─── THE DATA
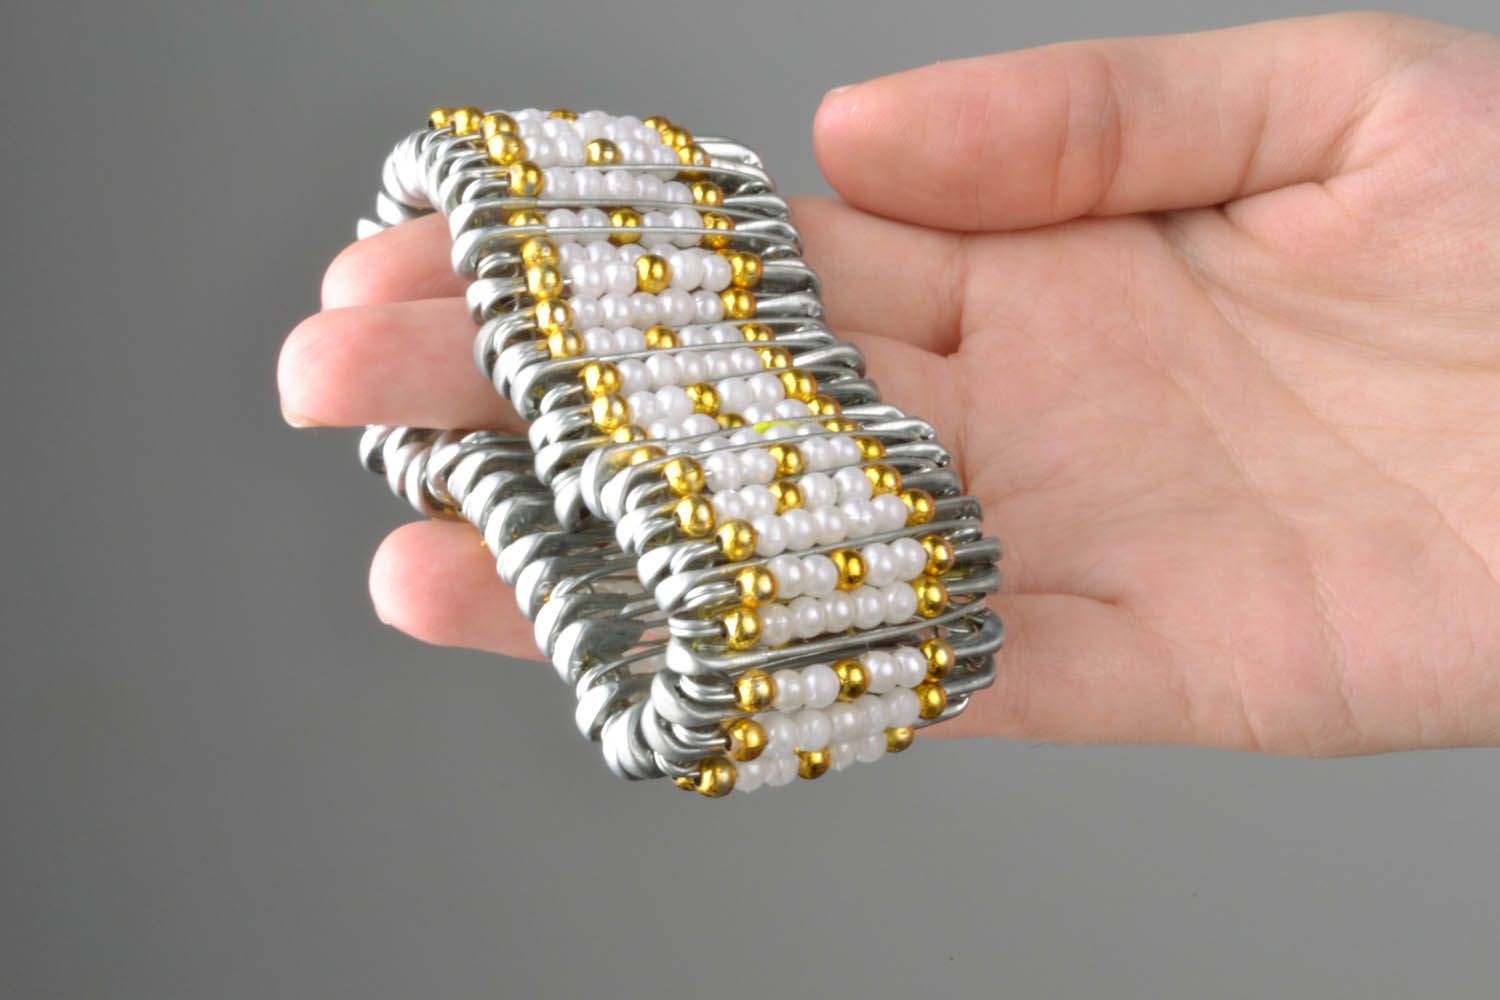 Bracelet made of various pins photo 5
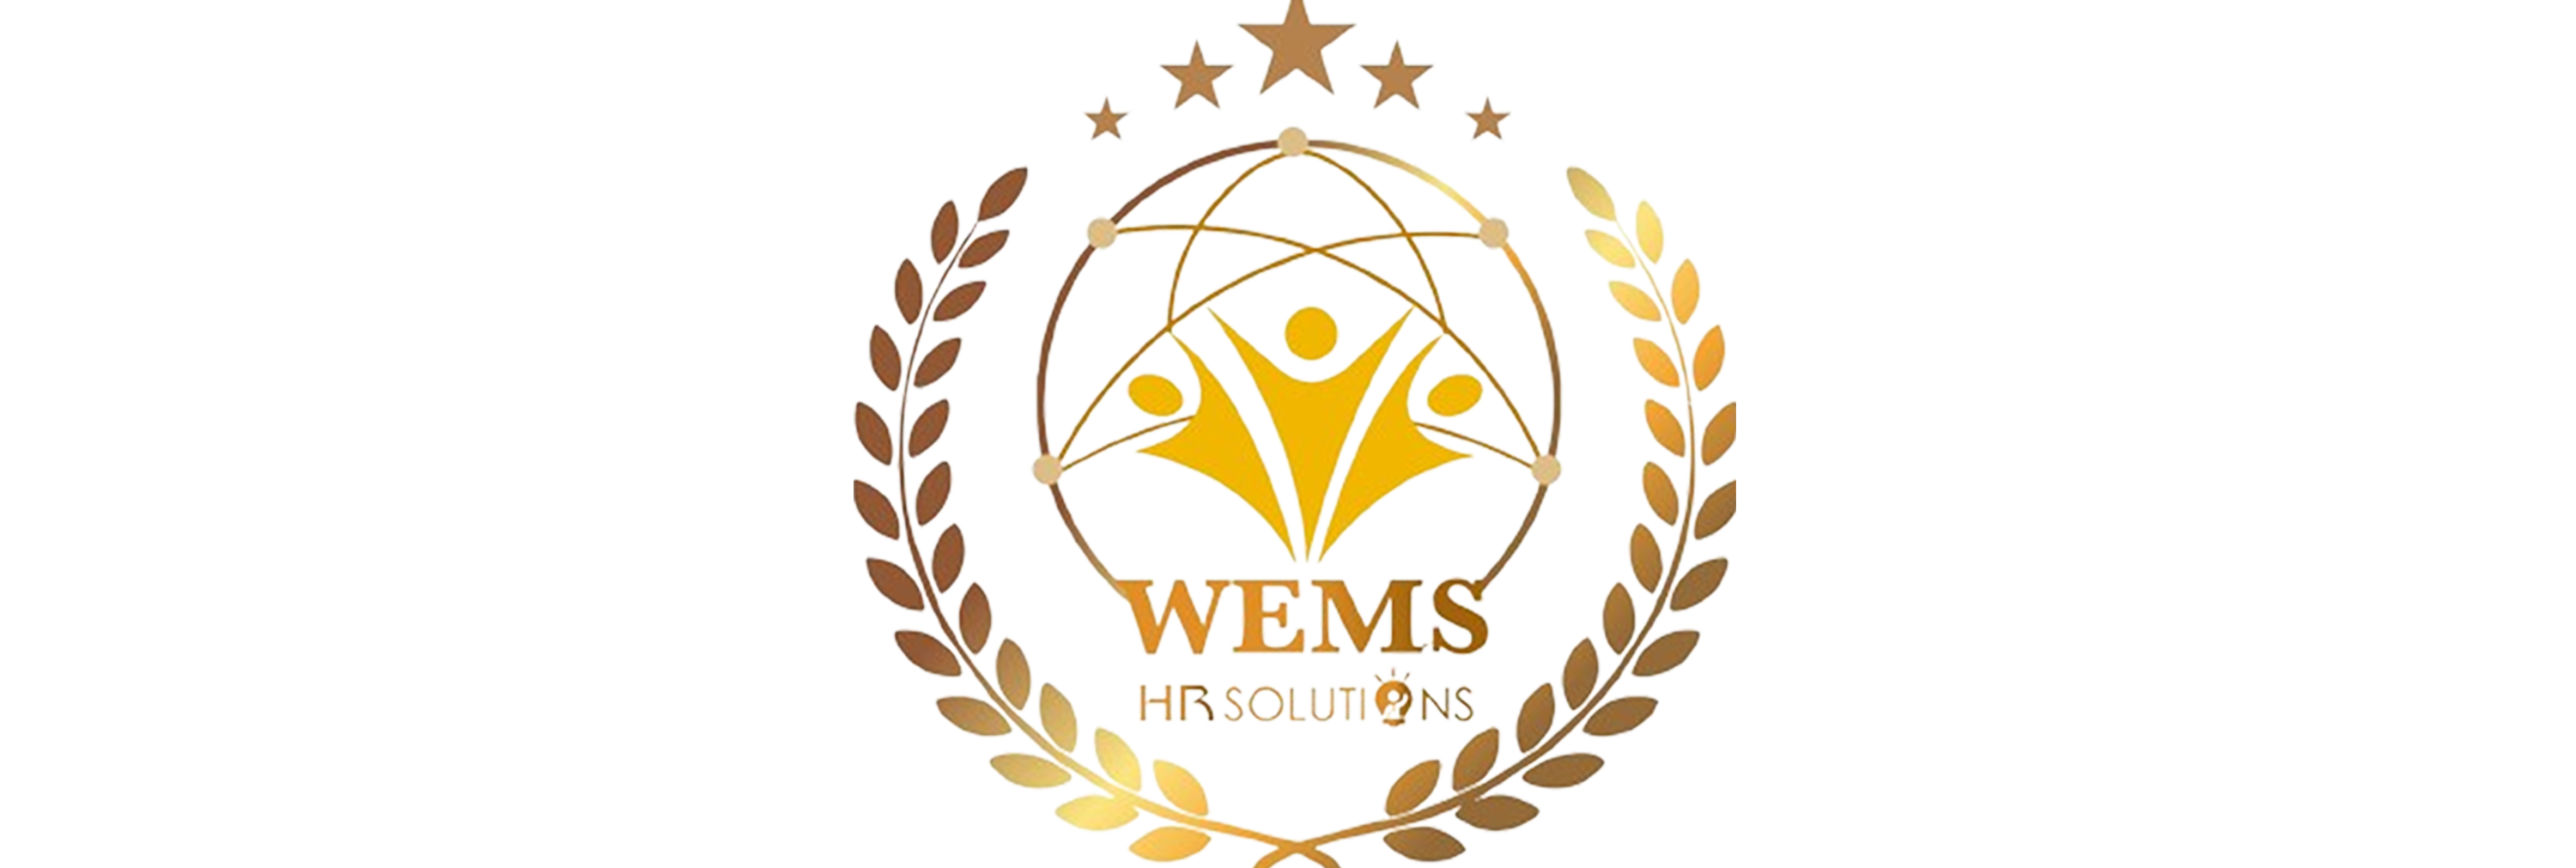 WEMS HR SOLUTIONS
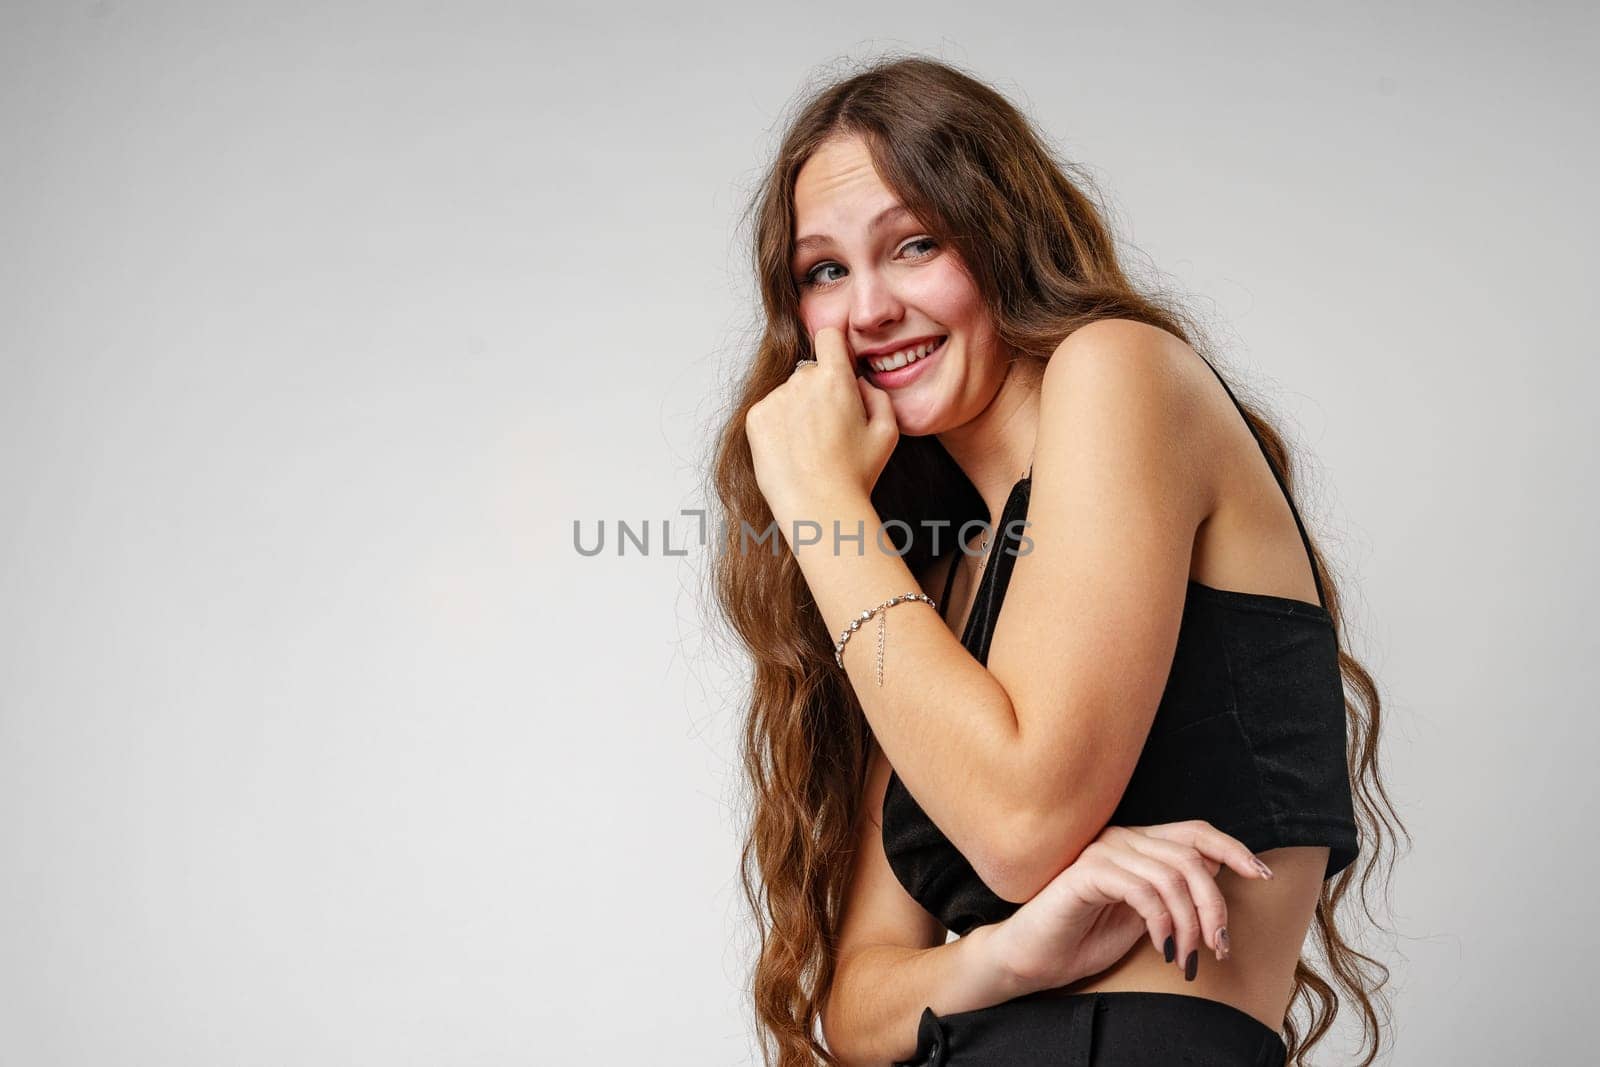 Smiling Young Woman Posing in a Black Top Against a Grey Background by Fabrikasimf
──────
**PROBLEM:**
Once you find the line with "WEMS HR SOLUTIONS", restate it and every later line of the data word for word, excluding the pictures.

**RESULT OF THE TASK:**
 WEMS HR SOLUTIONS
 Smiling Young Woman Posing in a Black Top Against a Grey Background by Fabrikasimf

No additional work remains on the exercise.